Due to the third person narrator infrequently intruding upon the three primary characters’ conversation, the short story is defined by its ambiguous atmosphere. While the narrator is present throughout the narrative, they do not always remark upon or explain what the characters are thinking or feeling, or even how they are physically orienting their bodies. For example, after Henry “turns [Carole’s] doll right side up” and exclaims, “A black doll! I never saw such a thing,” Carole’s lines of dialogue follow and the narrator makes no commentary upon the incident (Paragraph 4). A few paragraphs below, the narrator does note that “Carole tucks the doll close to the window,” but they do not detail what is passing through Carole’s mind as a result of Henry’s actions (Paragraph 7).

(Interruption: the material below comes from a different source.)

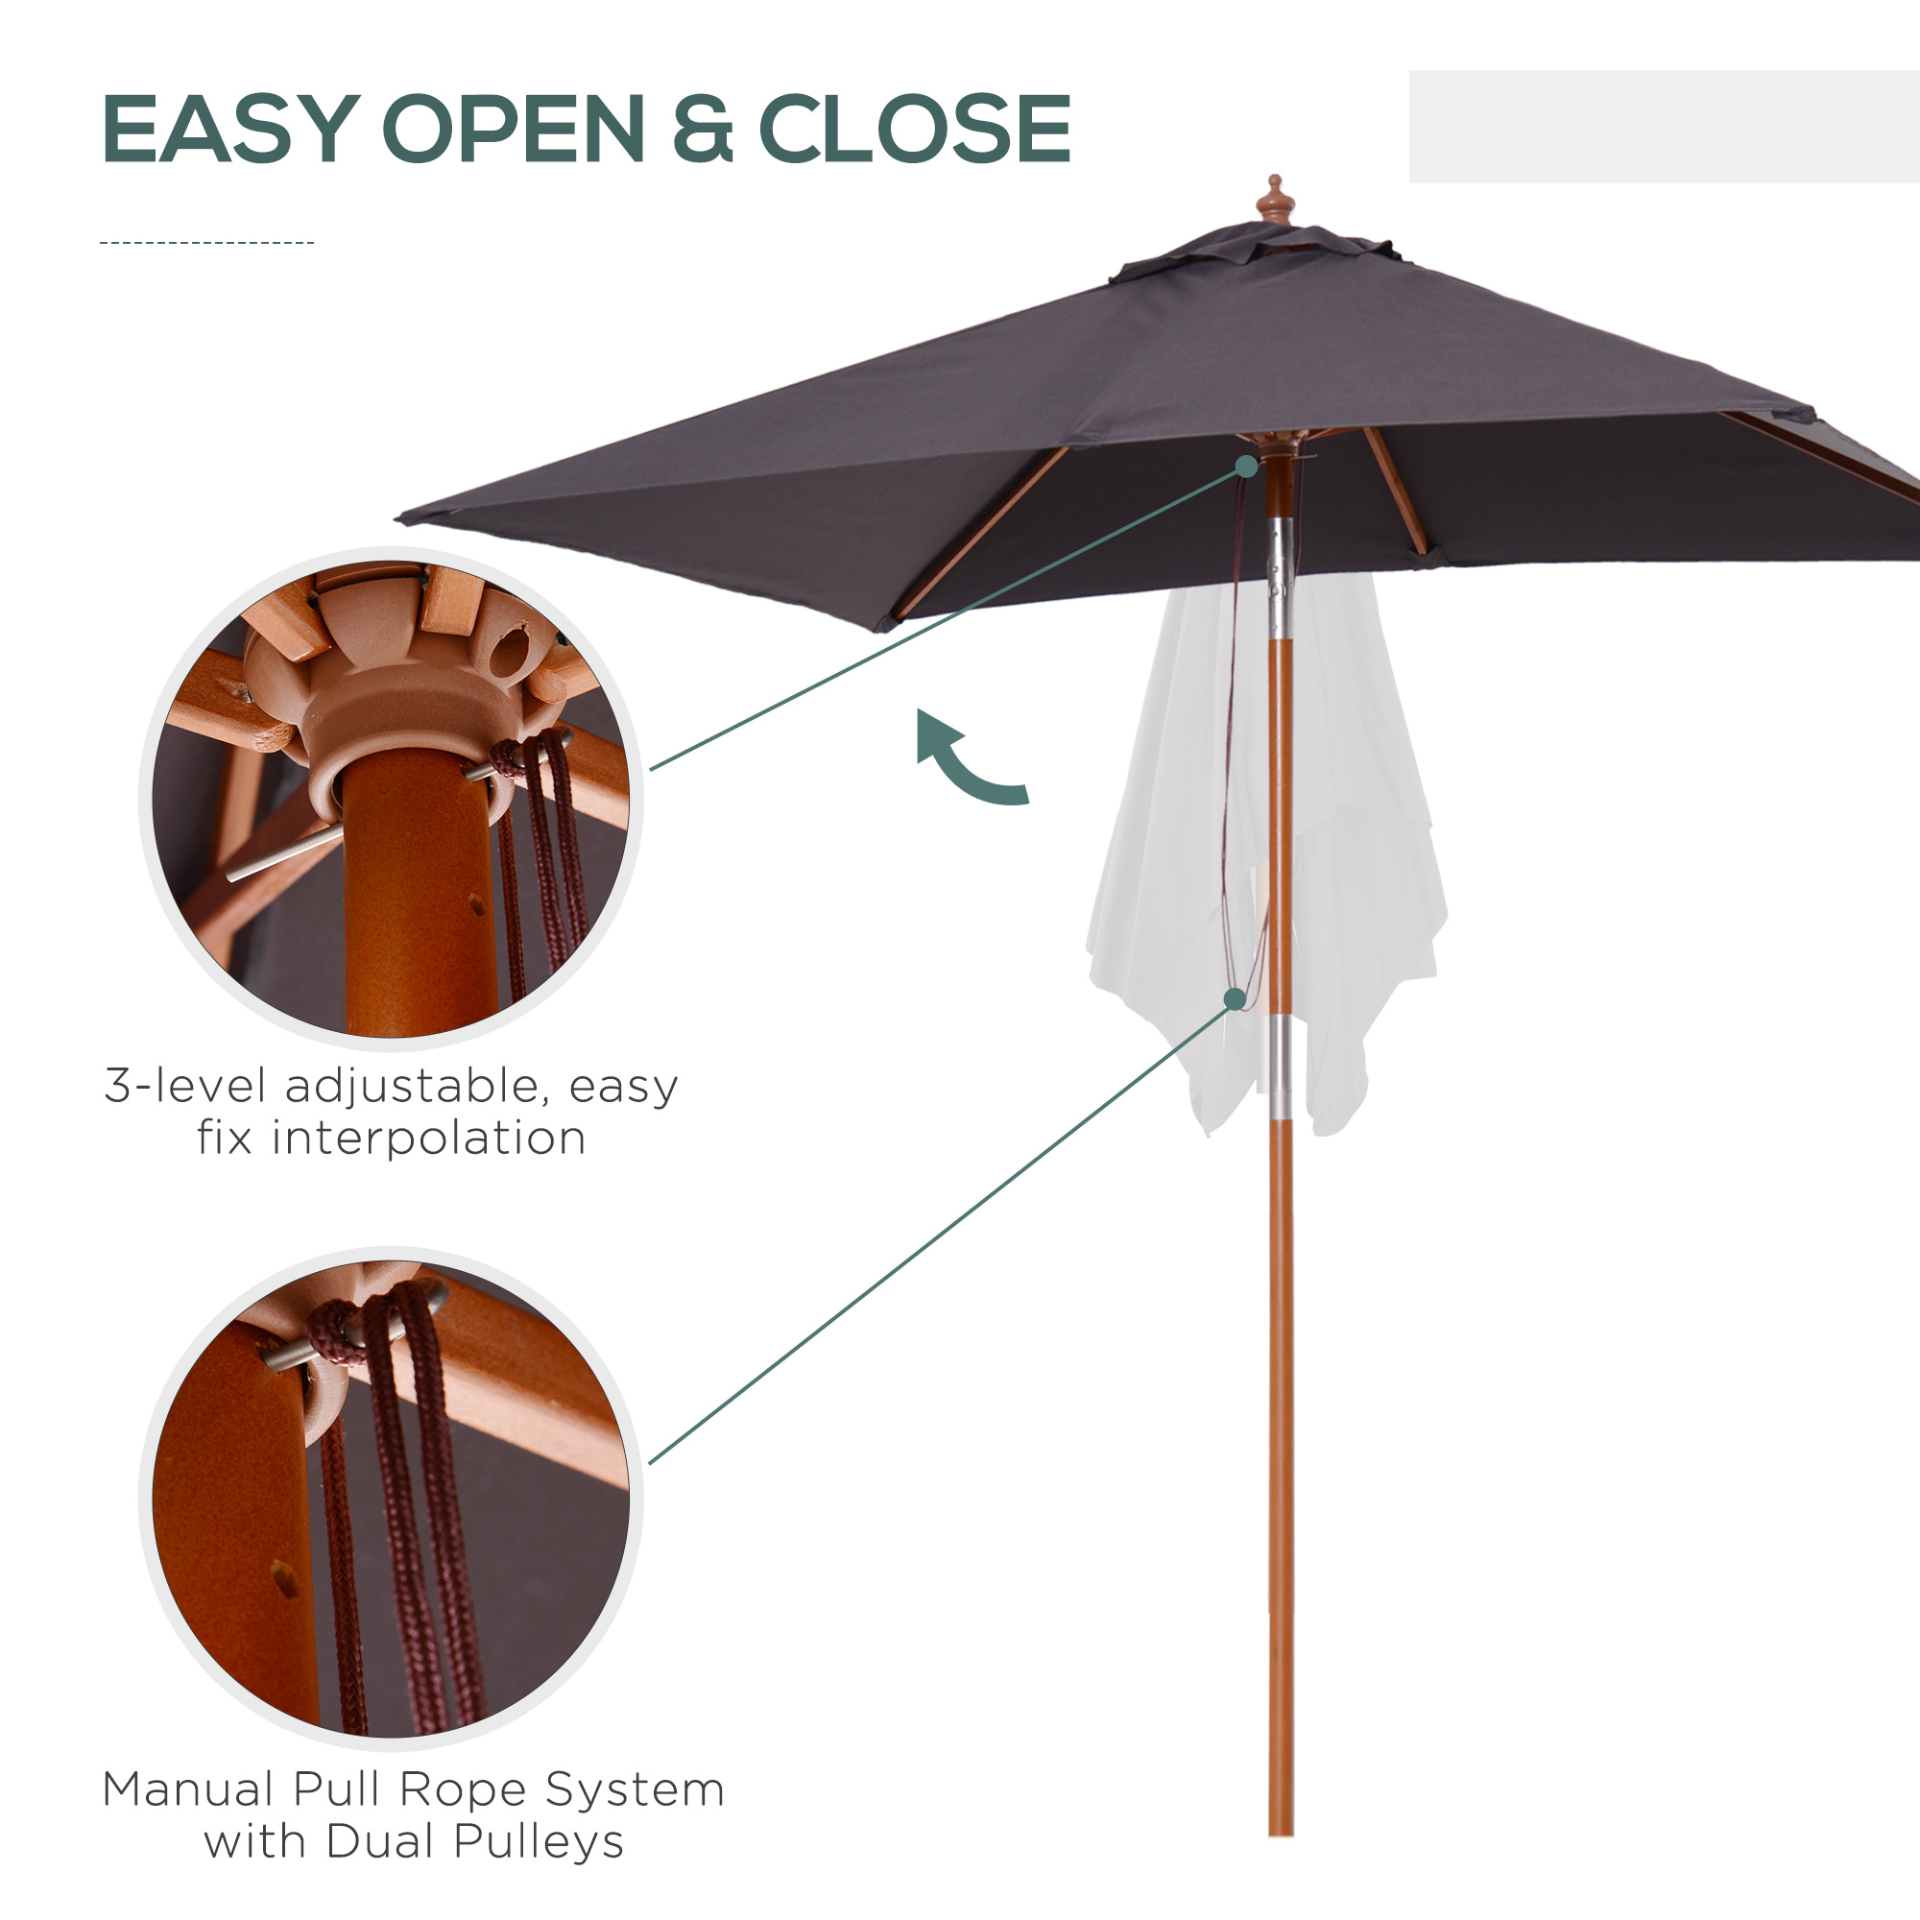 Outsunny 2m x 1.5m Patio Parasol Garden Umbrellas Sun Umbrella Bamboo Sunshade Canopy Outdoor Backyard Furniture Fir Wooden Pole 6 Ribs Tilt Mechanism - Deep Grey

The narrator’s elusiveness throughout the short story therefore compels the reader to engage more thoughtfully with the events occurring on the page. Hill is thus asking his reader to interpret the narrative events and exchanges without authorial or narrative guidance. This is why the short story closes with the ambiguous image of Betty scoffing at Carole’s sensitivity instead of with Carole settled safely into her new seat; Hill is granting Betty the proverbial last word, and thus the power over Carole. However, neither Hill nor the narrator draw this conclusion on behalf of the reader.

Point of View

The short story is written from the third person limited point of view and thus centralizes the experiences of the main character. Throughout the short story, the third person narrator inhabits Carole’s consciousness. The narrator’s perception and rendering of the narrative world on the page are thus dictated by Carole’s character. The way Carole sees, perceives, and interprets her experiences is how the narrator presents these experiences. When Carole sees her reflection in the mirror, for example, she simply thinks of her father deeming her “clear complexion […] ‘milk milk milk milk chocolate’” (Paragraph 1). Carole has no concept of her appearance and identity being potentially problematic, and the narrator does not regard or describe her in this manner.

 

The third person limited point of view enacts Carole’s developing sense of self. As a child, Carole does not have a defined sense of who she is and why. She takes pride in her appearance and attempts to prove herself “a young lady,” but she has yet to craft an identity (Paragraph 38). The third person limited perspective thus captures the degree of separation Carole still has from own psyche; she is not confused about her identity, but it has yet to take shape inside her. The narrative vantage point grants the reader access to Carole’s interiority. However, Carole is not narrating her account in her own words and is thus unready to claim ownership of her voice.